When I’d periodically visit my father’s side of the family, who were less accepting of my style, I was constantly pressured to cut my hair. 

“You look like a little girl,” my father and his dad always told me. “You should look like a man, not a woman!”

Surprisingly, I remained confident about my long hair, as my mom gave me the reassurance I needed to let their ignorant comments serve as nothing more than background noise.

But one day while sitting behind the counter of my father’s family’s business, a customer mistakenly called me a little girl. While it was surely just an honest mistake, I felt self-conscious about my long hair for the first time. 

“Do I actually look like a little girl?” my confused 10-year-old self wondered.

Despite my uncertainty, I still loved my long hair because it allowed me to express myself, and I began to embrace it again until my father’s dad took me to get a “hair trim.” He assured me no length would be taken off and it was just to maintain healthy hair growth. 

However, the haircut was taking longer than it should for a regular trim. Before I knew it, clumps of my long hair were on the floor, leaving me heartbroken.

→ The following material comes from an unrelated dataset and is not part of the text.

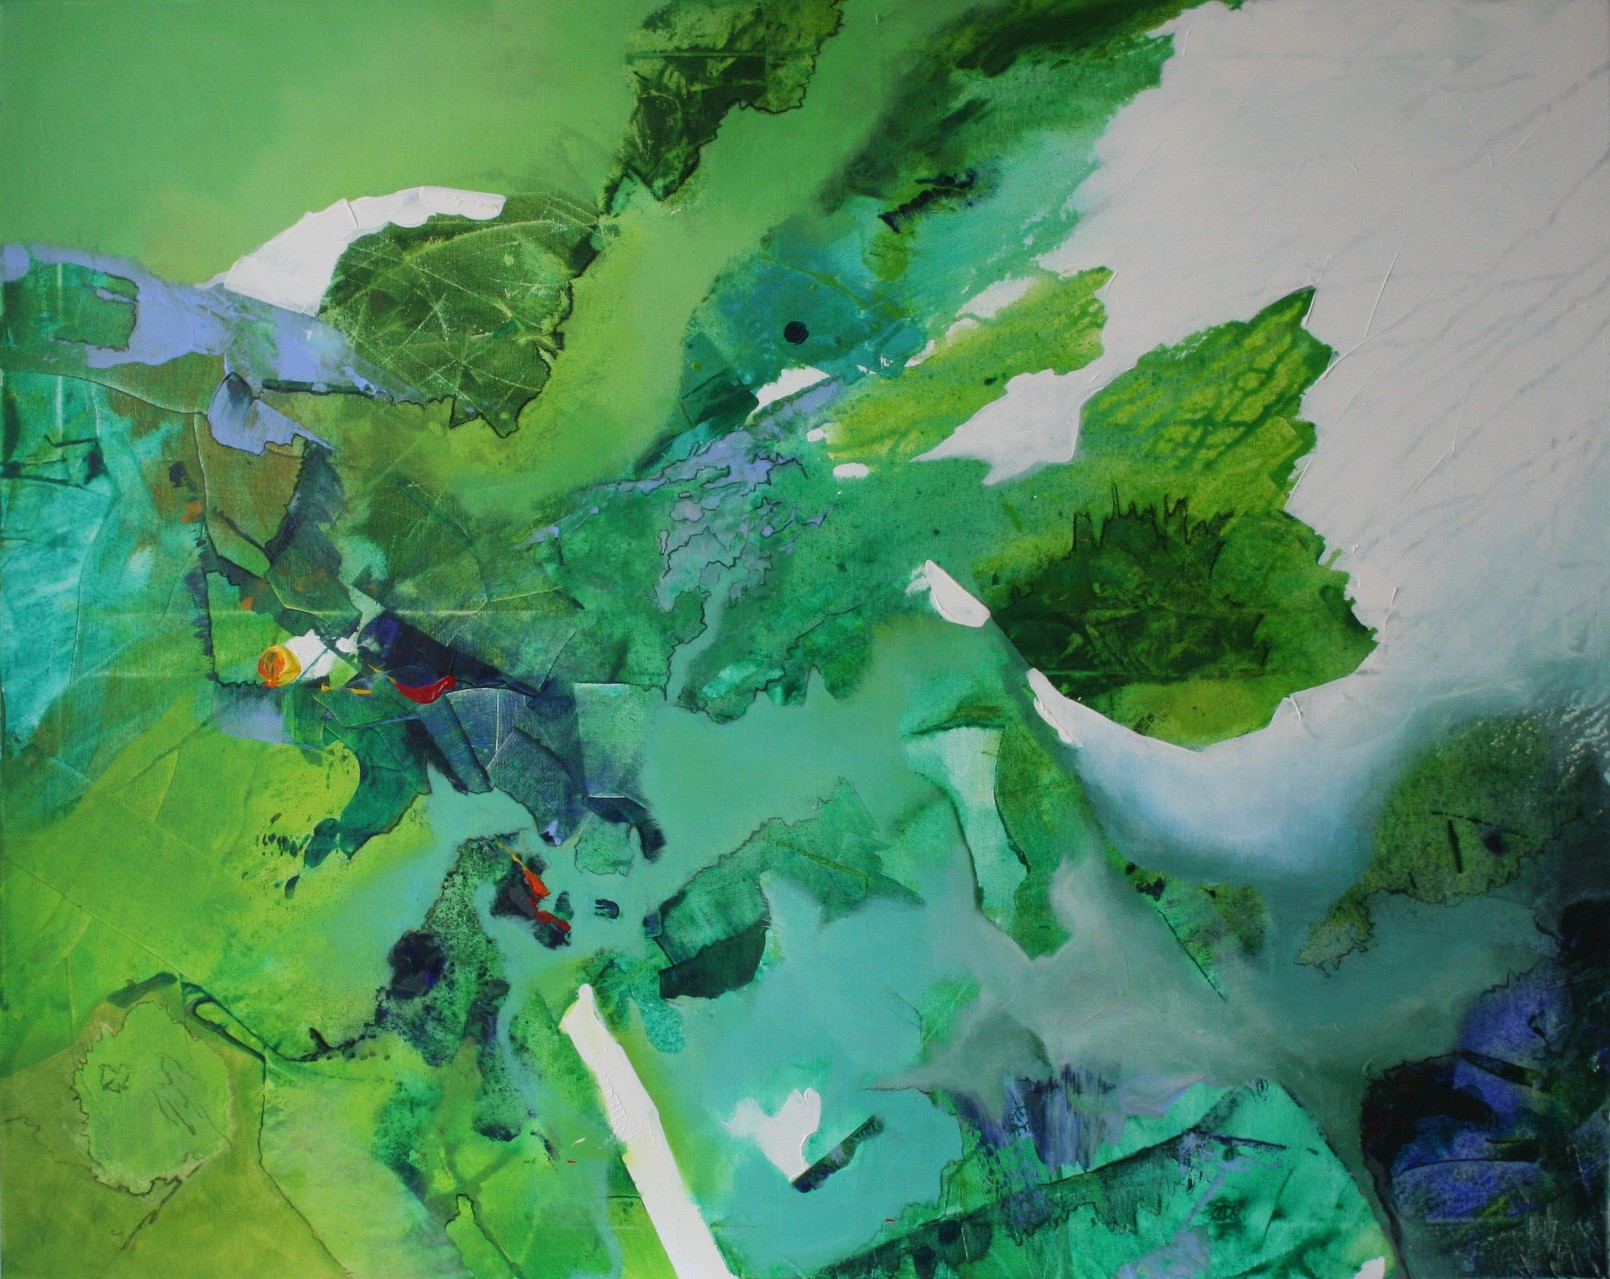 Grünes Gedankenmeer, Acryl auf Leinwand, 100 x 80 cm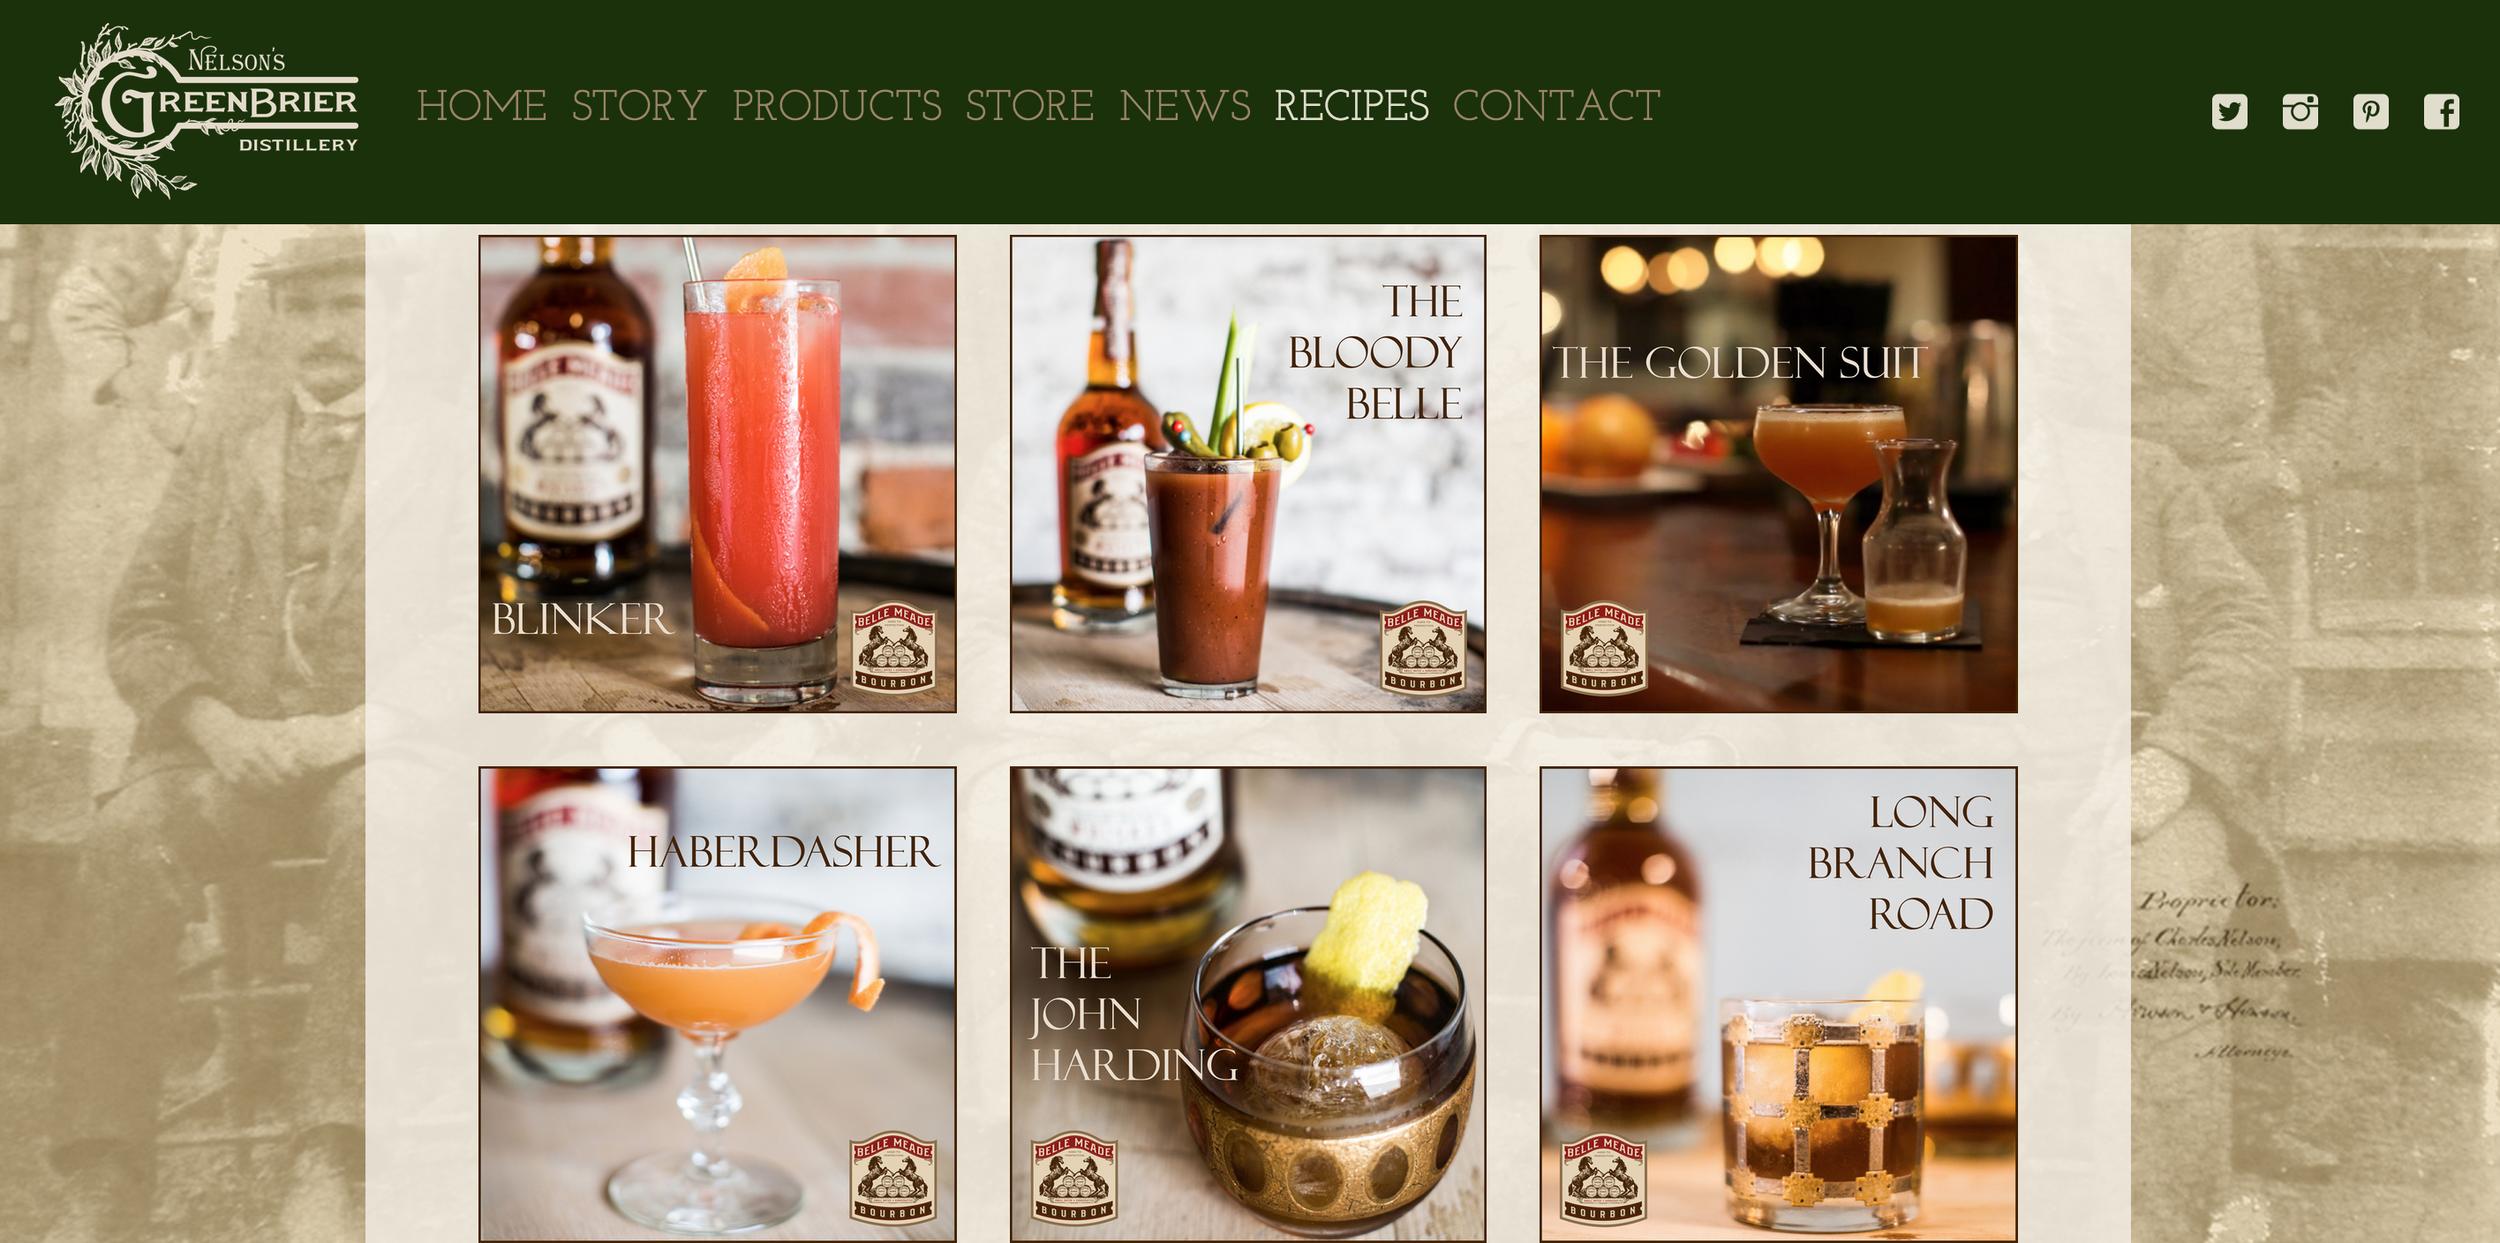 Website design for Nelson's Green Brier Distillery

After this moment of betrayal, I promised myself to protect and fight for my long hair, never cutting it unless I wanted to. During high school, my hair varied in length. Sometimes it just passed my ears, other times it grazed the tips of my shoulders, but it was always long. 

When I got to college, my hair became a major hassle and difficult to manage, but I was too afraid to cut it because I thought my personality was dependent on my long hair and without it, I lost my individuality.

In early April, while sitting in my room, I impulsively grabbed a pair of scissors and went into the bathroom to cut a couple inches of my hair. My heart broke as I watched strands of hair fall, but for some reason, I didn’t regret it. 

Still, I was too afraid to cut above my ears and my hair quickly grew back, already approaching my shoulders after a month. Despite feeling like I took a significant leap, I was right back where I was prior to cutting it. I questioned why seemingly meaningless pieces of hair bothered me so much, and I knew it was time I cut it for good. 

In August, I walked into a salon in Philadelphia and showed the stylist a picture of a cut above the ears for the first time in years. In just 15 minutes, my long hair was gone.

Half of me felt at peace. It was freeing to know I wouldn’t have to manage my long hair anymore. 

The other half of me felt like I let the seven-year-old version of myself down. The version of myself that promised to fight for my long hair after being betrayed. For years, my long hair was a way to express myself and stand out from others.

As weeks went by, I finally got comfortable with my short hair. I realized that, despite no longer having long hair, I could still be my unique self. 

I appreciate my journey with my hair for allowing me to express myself and become my own person. The version of myself my family and friends have grown to love will remain and continue to grow — regardless of how long my hair is.